Don’t just sit there! Build something!!Learning to mathematically analyze circuits requires much study and practice. Typically, students practice by working through lots of sample problems and checking their answers against those provided by the textbook or the instructor. While this is good, there is a much better way.You will learn much more by actually building and analyzing real circuits, letting your test equipment provide the “answers” instead of a book or another person.

• Calculer Ses Circuits Pdf Converter Pdf

Notes:It has been my experience that students require much practice with circuit analysis to become proficient. To this end, instructors usually provide their students with lots of practice problems to work through, and provide answers for students to check their work against. While this approach makes students proficient in circuit theory, it fails to fully educate them.Students don’t just need mathematical practice.

They also need real, hands-on practice building circuits and using test equipment. So, I suggest the following alternative approach: students should build their own “practice problems” with real components, and try to mathematically predict the various voltage and current values. This way, the mathematical theory “comes alive,” and students gain practical proficiency they wouldn’t gain merely by solving equations.Another reason for following this method of practice is to teach students scientific method: the process of testing a hypothesis (in this case, mathematical predictions) by performing a real experiment. Students will also develop real troubleshooting skills as they occasionally make circuit construction errors.Spend a few moments of time with your class to review some of the “rules” for building circuits before they begin.
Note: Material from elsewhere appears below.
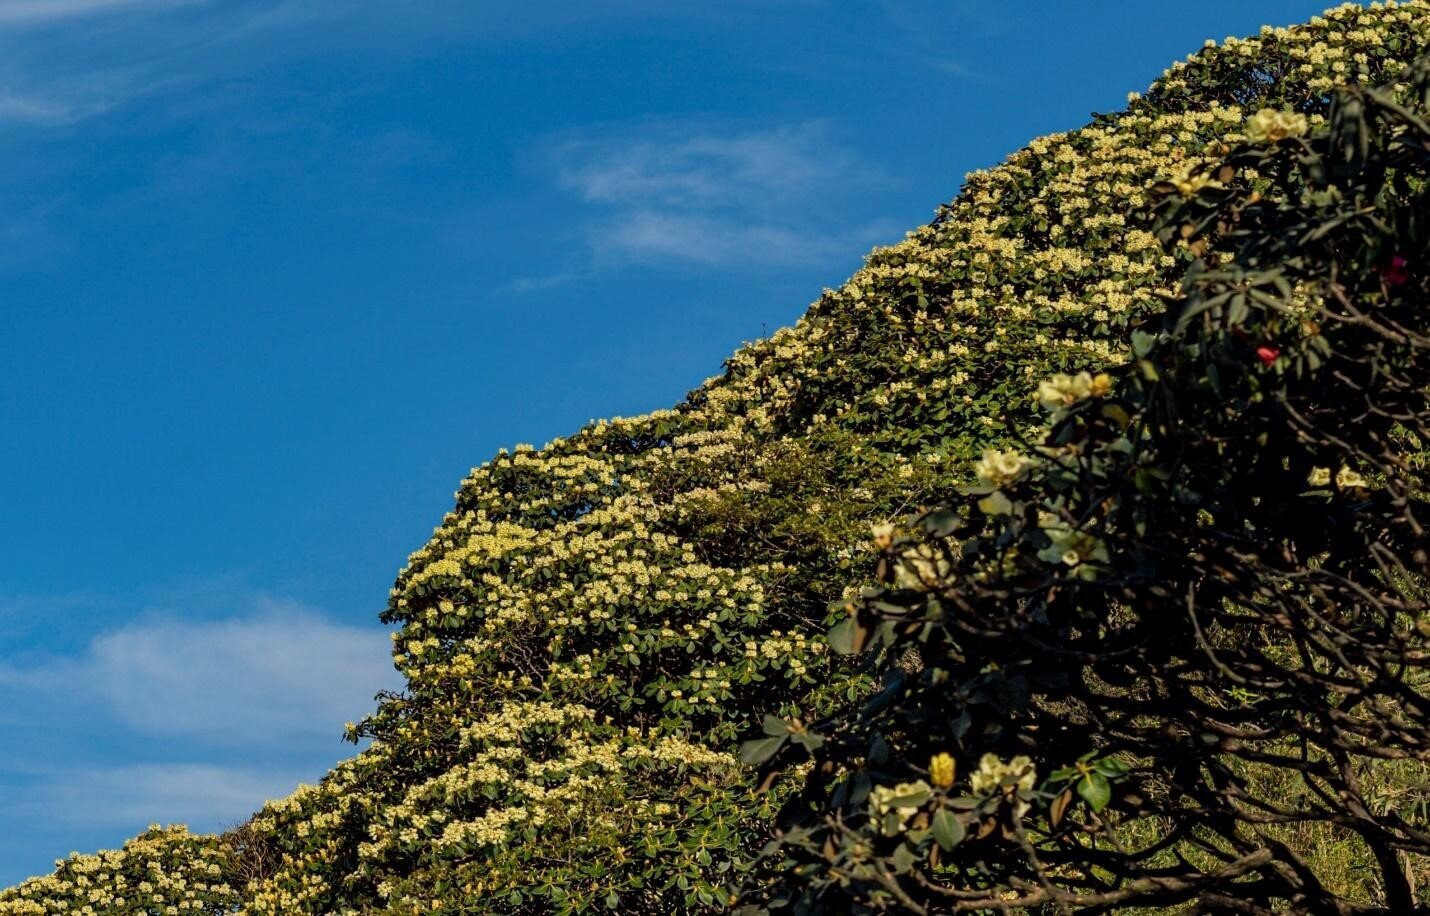 Mỗi dịp tháng 4 về, núi rừng Hoàng Liên Sơn (Sa Pa) như được thắp sáng bởi những thảm hoa Đỗ quyên bung nở rực rỡ. Nơi đây sở hữu 40 loài Đỗ quyên quý hiếm, nở từng đợt tùy theo màu hoa và độ cao của núi, suốt từ khoảng tháng 2 đến hết tháng 6 hàng năm.
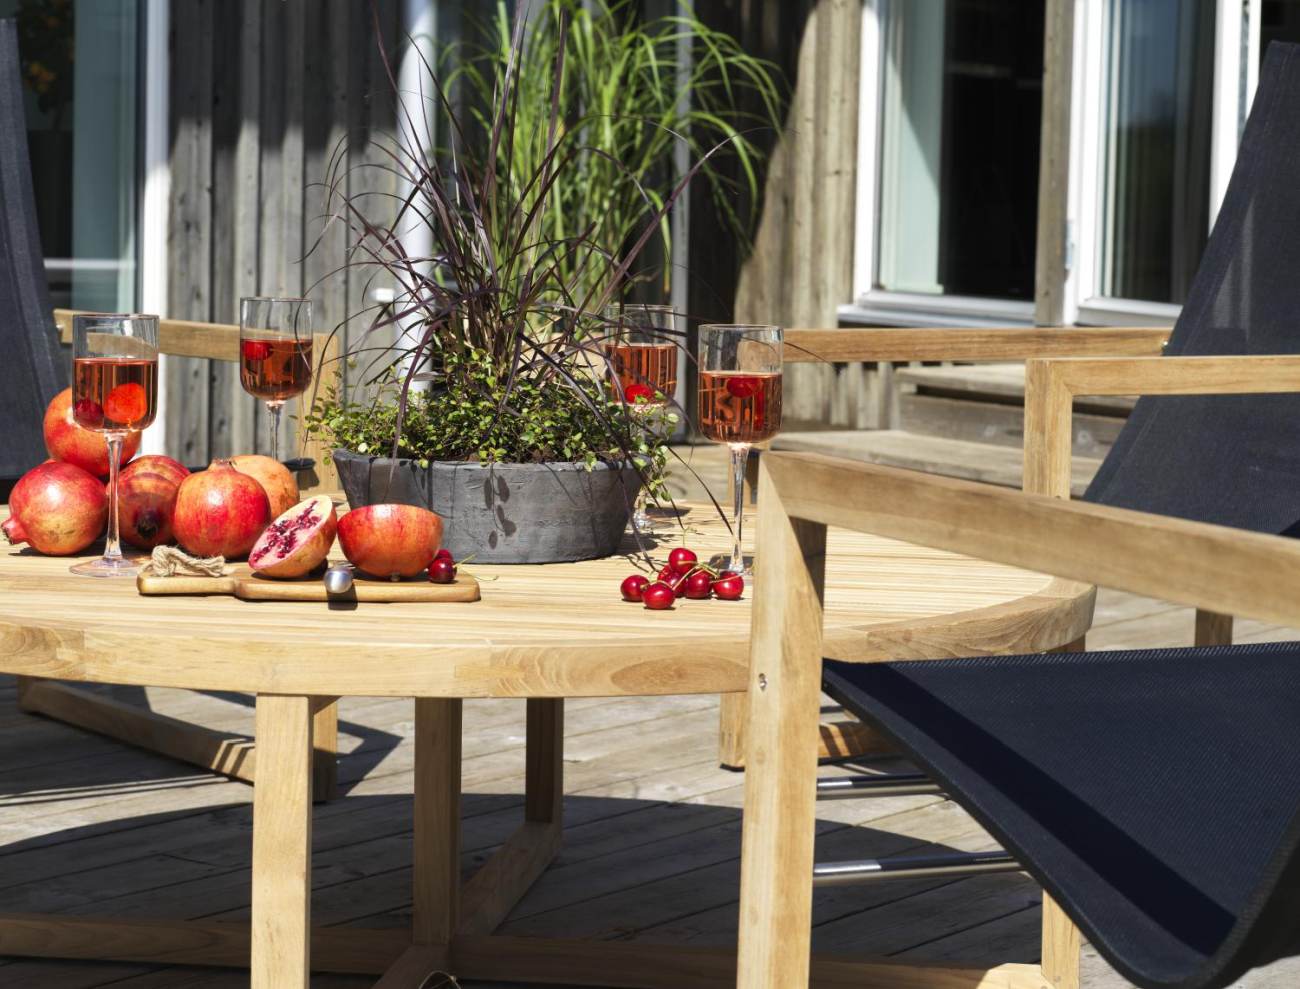 Der Gartencouchtisch Vevi überzeugt mit seinem modernen Design. Gefertigt wurde die Tischplatte aus Teakholz, welche einen natürlichen Farbton besitzt. Das Gestell ist auch aus Teakholz und hat eine natürliche Farbe. Der Tisch besitzt einen Durchmesser vo

Discuss these issues with your students in the same Socratic manner you would normally discuss the worksheet questions, rather than simply telling them what they should and should not do. I never cease to be amazed at how poorly students grasp instructions when presented in a typical lecture (instructor monologue) format!A note to those instructors who may complain about the “wasted” time required to have students build real circuits instead of just mathematically analyzing theoretical circuits:What is the purpose of students taking your course?If your students will be working with real circuits, then they should learn on real circuits whenever possible. If your goal is to educate theoretical physicists, then stick with abstract analysis, by all means!

But most of us plan for our students to do something in the real world with the education we give them. The “wasted” time spent building real circuits will pay huge dividends when it comes time for them to apply their knowledge to practical problems.Furthermore, having students build their own practice problems teaches them how to perform primary research, thus empowering them to continue their electrical/electronics education autonomously.In most sciences, realistic experiments are much more difficult and expensive to set up than electrical circuits. Nuclear physics, biology, geology, and chemistry professors would just love to be able to have their students apply advanced mathematics to real experiments posing no safety hazard and costing less than a textbook. They can’t, but you can.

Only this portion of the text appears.